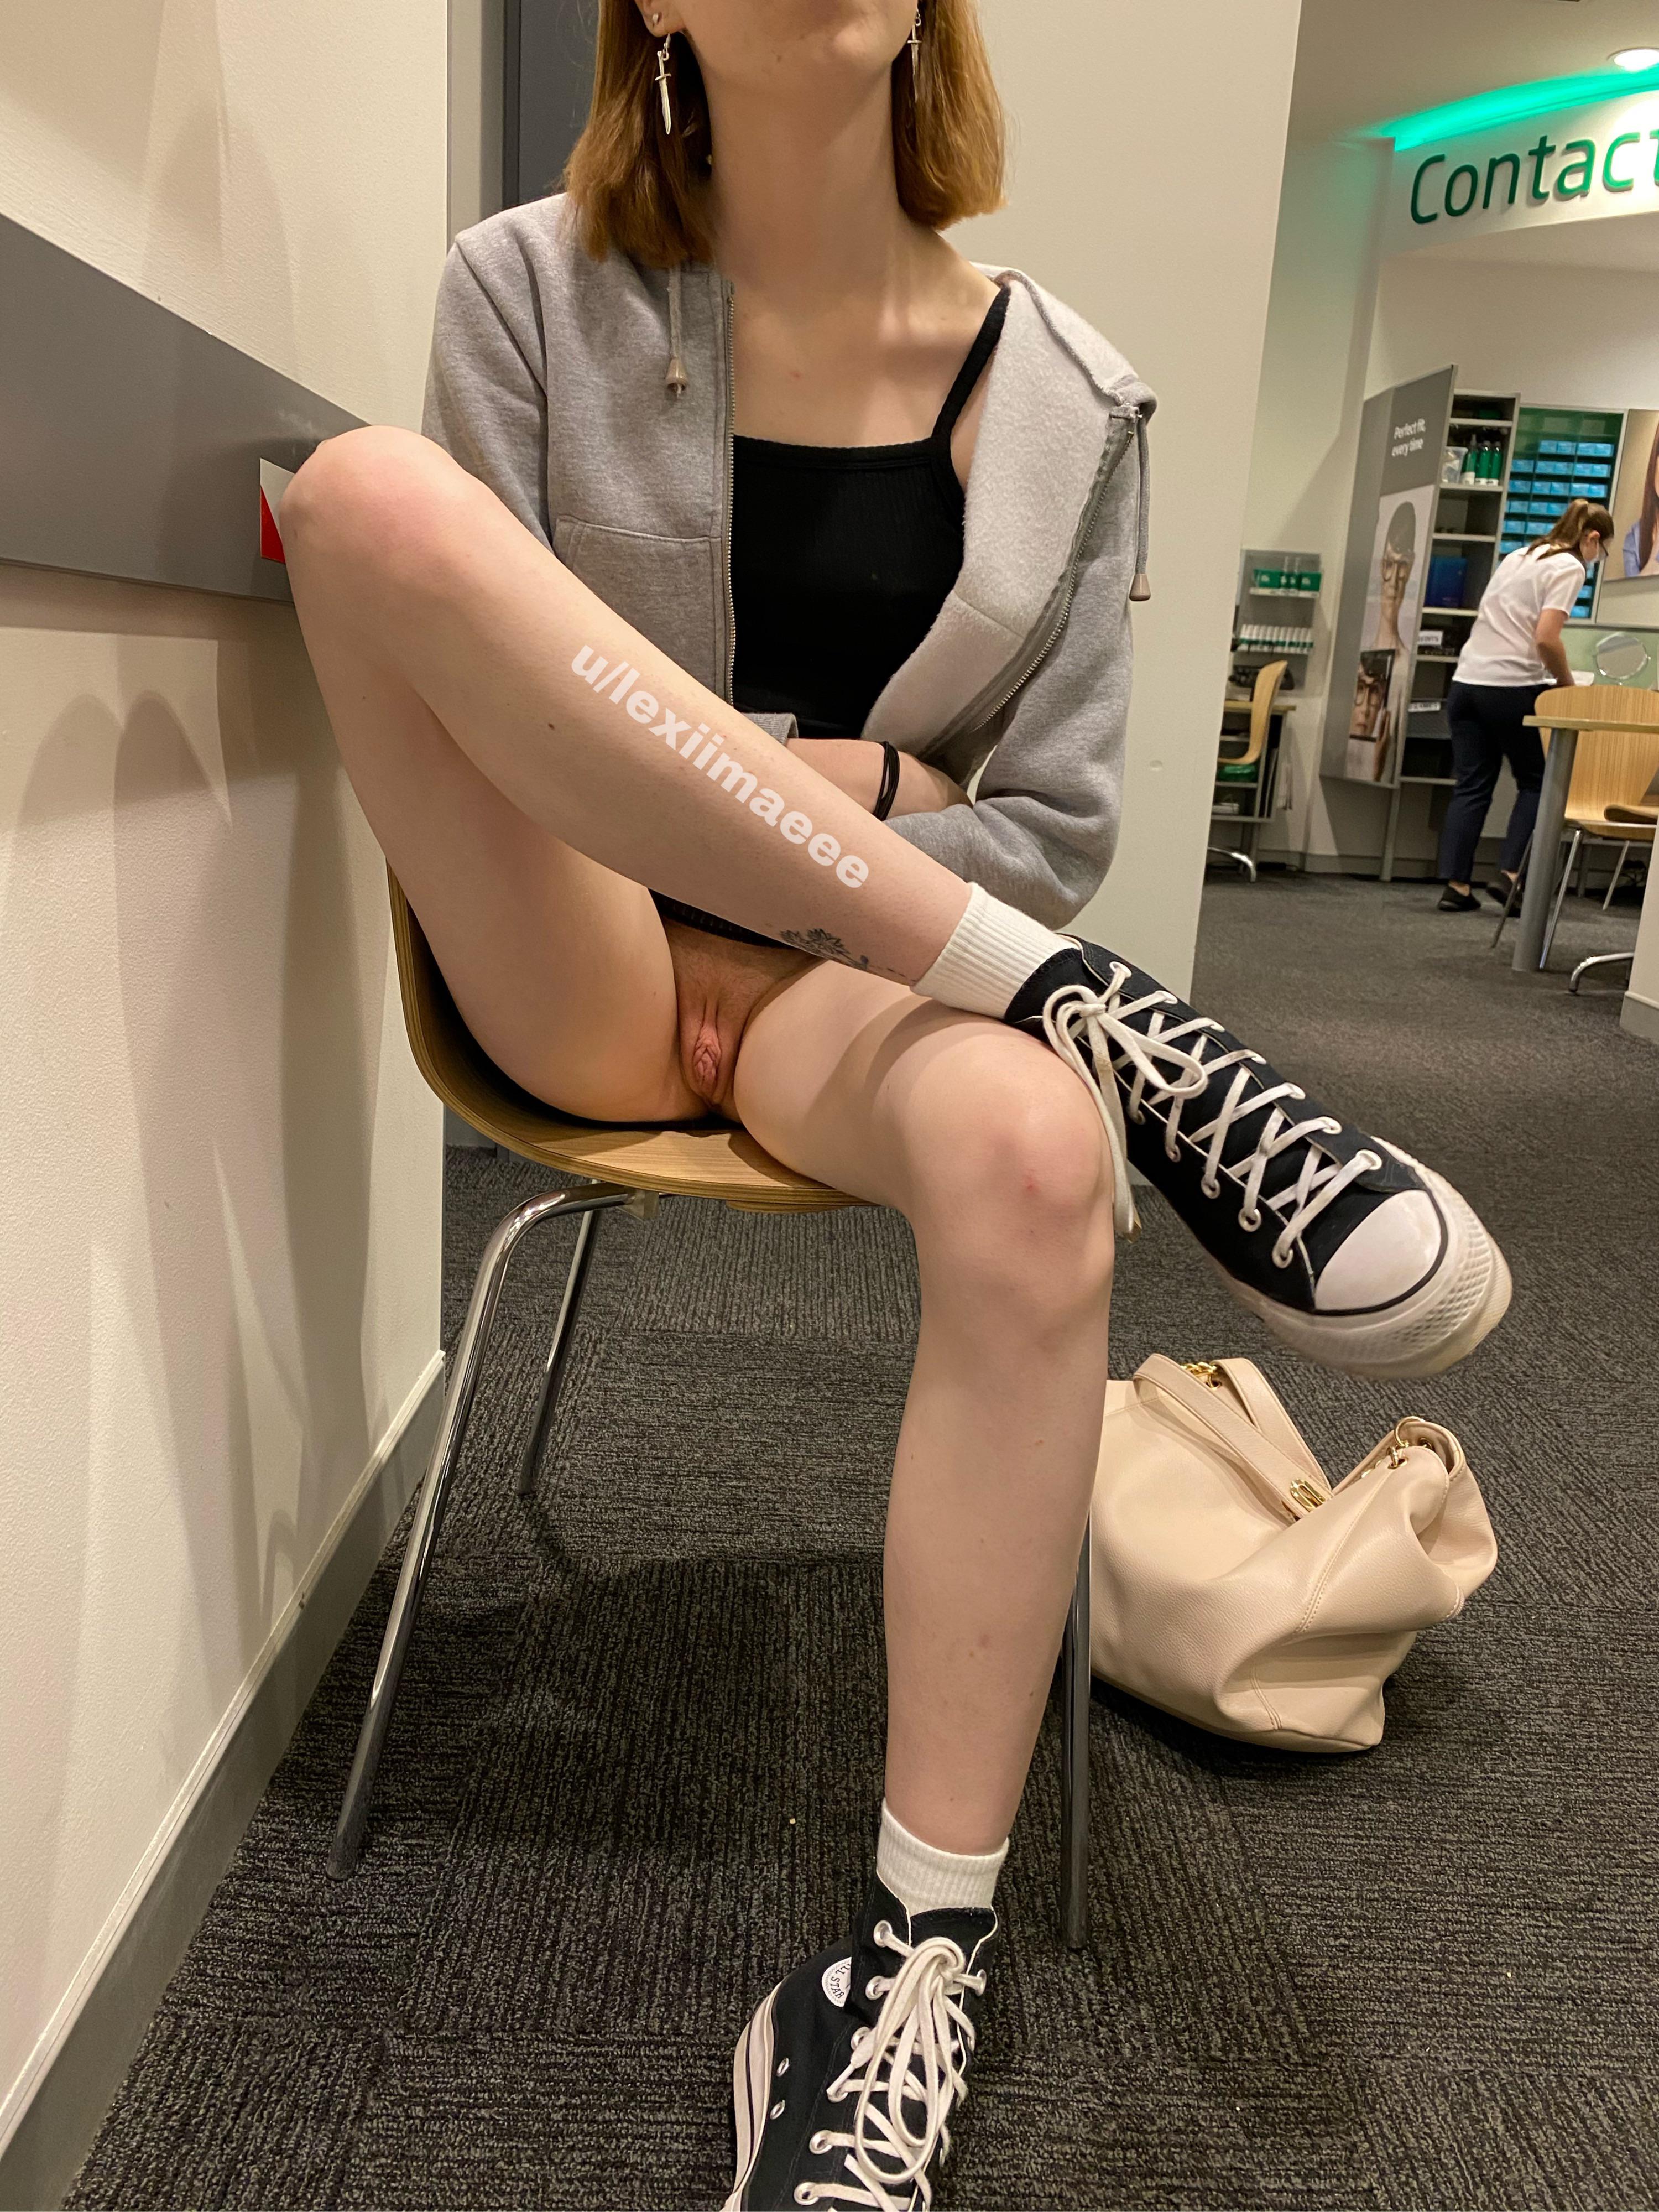 Cum Dripping Panties In Public - Converses and no panties in public = the best combo
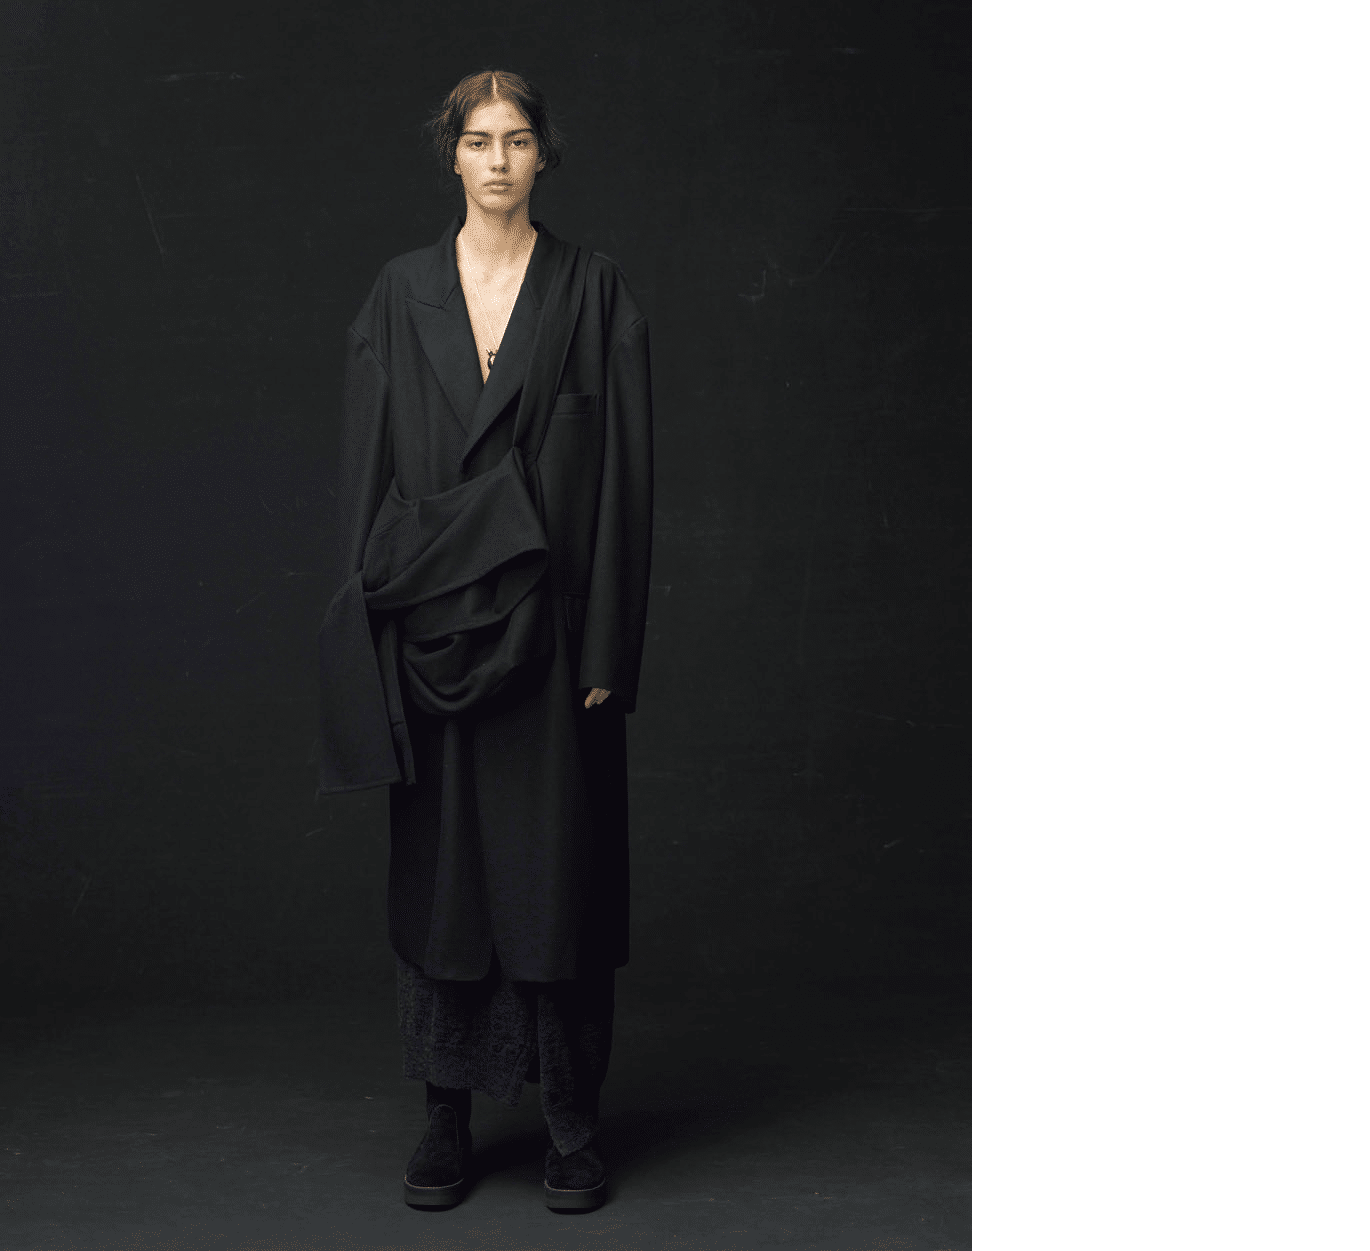 Yohji Yamamoto chose JD to be its first online platform for cooperation, and launched its first online official flagship store in China on JD.
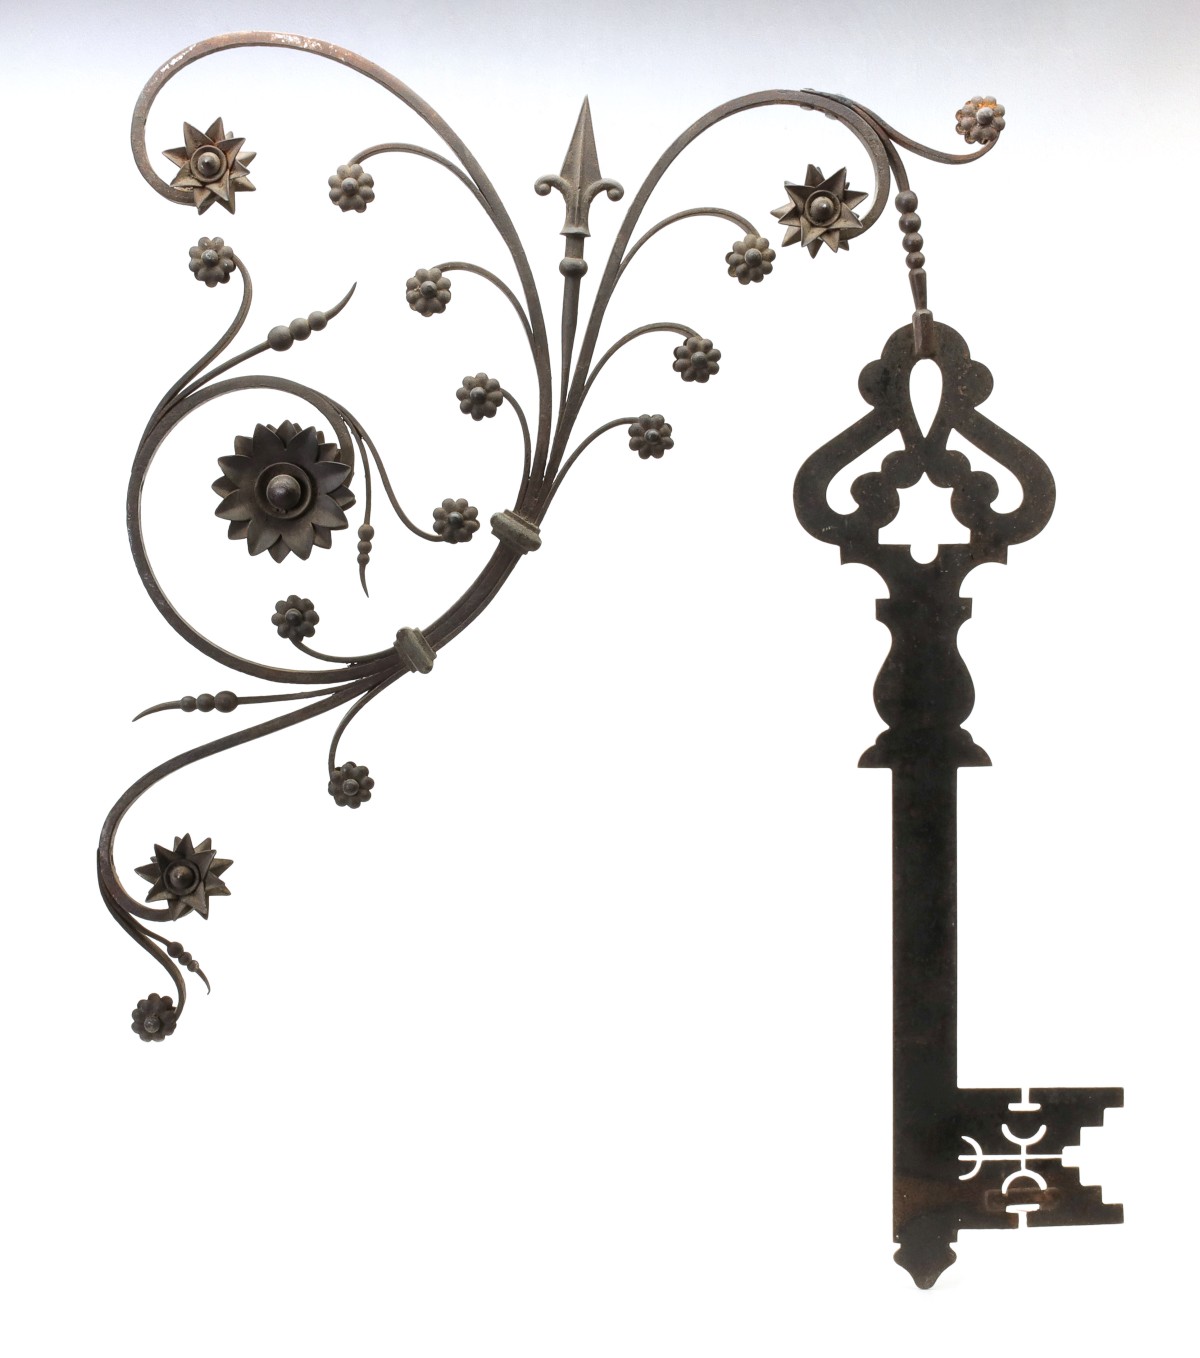 AN OUTSTANDING WROUGHT IRON TRADE SIGN WITH KEY

-*-*-

▶ [WHAT TO WORK ON]: Given the listing above, return exactly, and only, the lines from the line with "Yohji Yamamoto chose" through its final line, both included, with the pictures removed.

▶ [ANSWER SPACE]:
 Yohji Yamamoto chose JD to be its first online platform for cooperation, and launched its first online official flagship store in China on JD.
 AN OUTSTANDING WROUGHT IRON TRADE SIGN WITH KEY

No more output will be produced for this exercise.